Nancy Baym. Principal Researcher, Microsoft Research Cambridge. She has written on online community, online audiences, and interpersonal relationships and new media. Her books include Personal Connections in the Digital Age (Polity) and, with Annette Markham, Internet Inquiry: Conversations about Method (Sage.)

Axel Bruns. Associate Professor at Queensland University of Technology, Australia. Chief Investigator at the ARC Centre of Excellence for Creative Industries and Innovation (CCI) and General Editor at M/C - Media and Culture. Publications include Blogs, Wikipedia, Second Life and Beyond: From Production to Produsage (2008).

Alex Halavais. Associate Professor of Communications at Arizona State University, USA. Halavais’s recent work has focused on tracing learning within networked communities, particularly using social media ("Do Dugg Diggers Digg Diligently," published in iCS last year, and ongoing research on the use of Twitter in social protest). Other publications include Search Engine Society (2009).

Rasmus Helles. Associate Professor, Department of Media, Cognition, and Communication, University of Copenhagen, Denmark. Rasmus’ work focuses on the everyday use of digital media, especially through log files as a source of empirical data. Recent publications include articles on mobile phone and internet use patterns.

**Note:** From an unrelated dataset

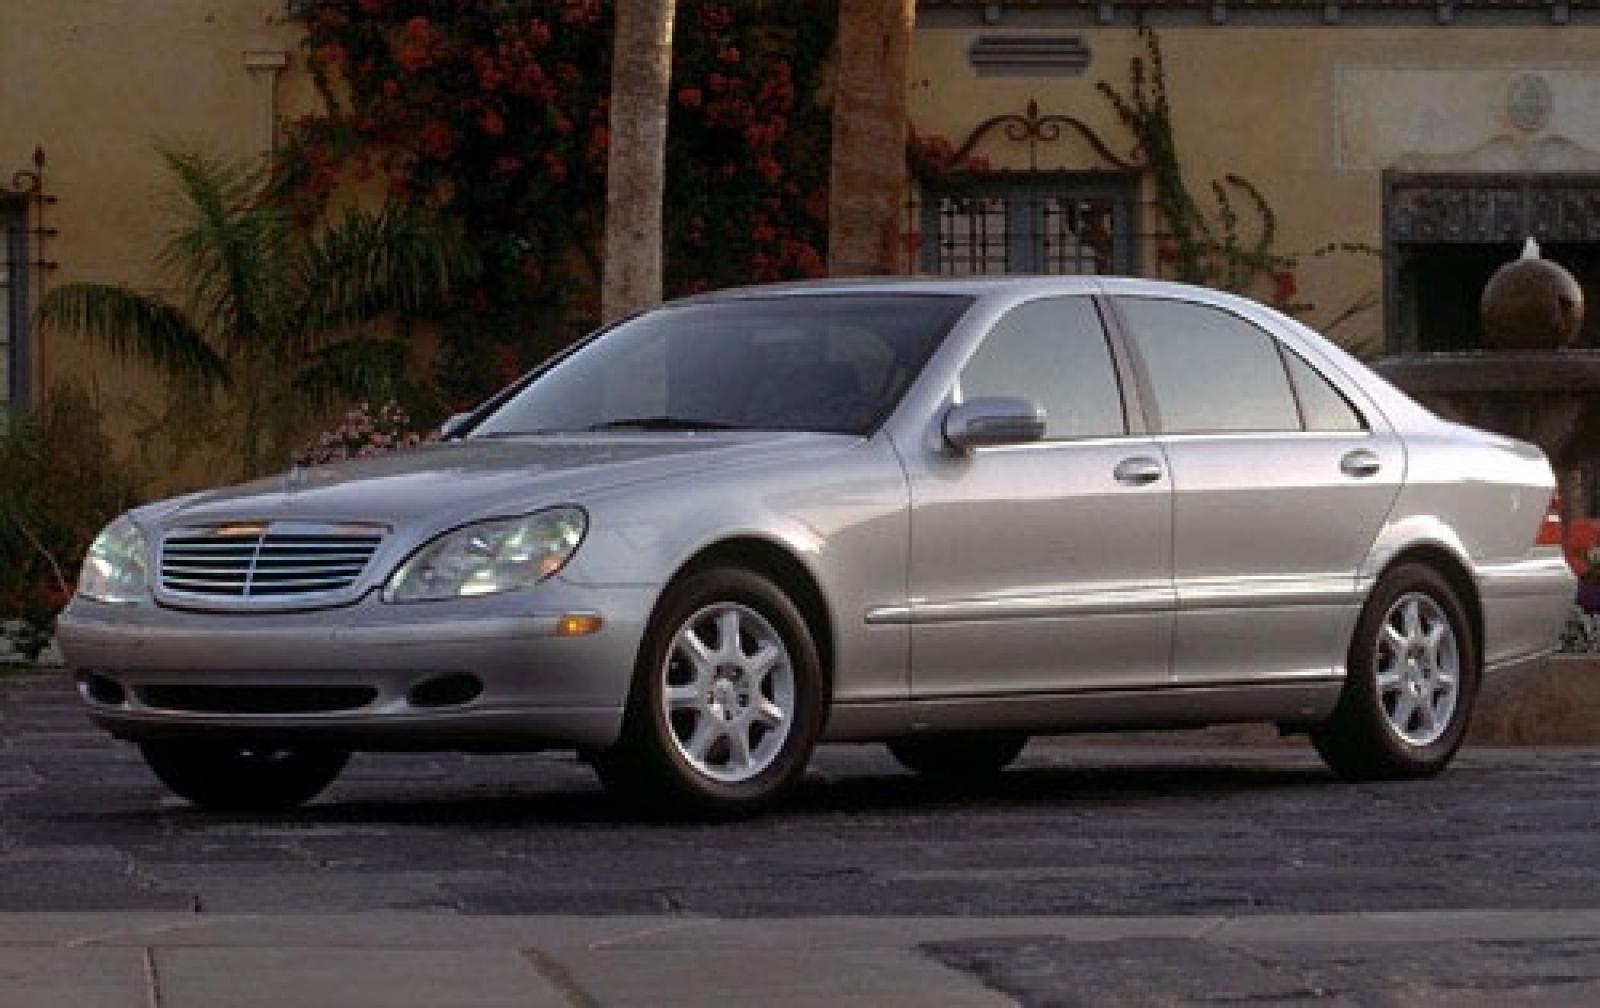 2002 Mercedes-Benz S-Class #1 800 1024 1280 1600 origin

Klaus Bruhn Jensen. Professor, Department of Media, Cognition, and Communication, University of Copenhagen, Denmark. Publications include A Handbook of Media and Communication Research: Qualitative and Quantitative Methodologies, 2nd edition (Routledge, 2012), contributions to the International Encyclopedia of Communication (12 vols, Blackwell, 2008), for which he serves as Area Editor of Communication Theory and Philosophy, and Media Convergence: The Three Degrees of Network, Mass, and Interpersonal Communication (Routledge, 2010).

Christina Lioma. Assistant Professor at the Department of Computer Science, University of Copenhagen. Her research focuses on the computational science behind search engines (Information Retrieval) and human language (Computational Linguistics). Since 2004, she has been working at the crossroads of these two areas, effectively alternating between thinking like a computer scientist and thinking like a linguist.

Annette Markham. Guest Professor, Department of Informatics, Umeaa University, Sweden. Annette serves as the co-editor of the International Journal of Internet Research Ethics. Publications include Internet Inquiry: Dialogue Among Scholars (co-edited with Nancy Baym, Sage 2009); Life Online: Researching Real Experience in Virtual Space (Sage, 1998); and a range of articles and book chapters related to interpretive qualitative research in internet studies. She is currently working on a book manuscript entitled: The Ethics of Fabrication.

Casper Radil. PhD fellow at the University of Copenhagen, Department of Media, Cognition, and Communication, writing his dissertation on how the Internet is changing Danish football fan culture. Outside the university, he is working in the company Interfazes that develops new conceptual tools and methods to comprehend online behavior as well as using these methods to advise large public organizations and private companies.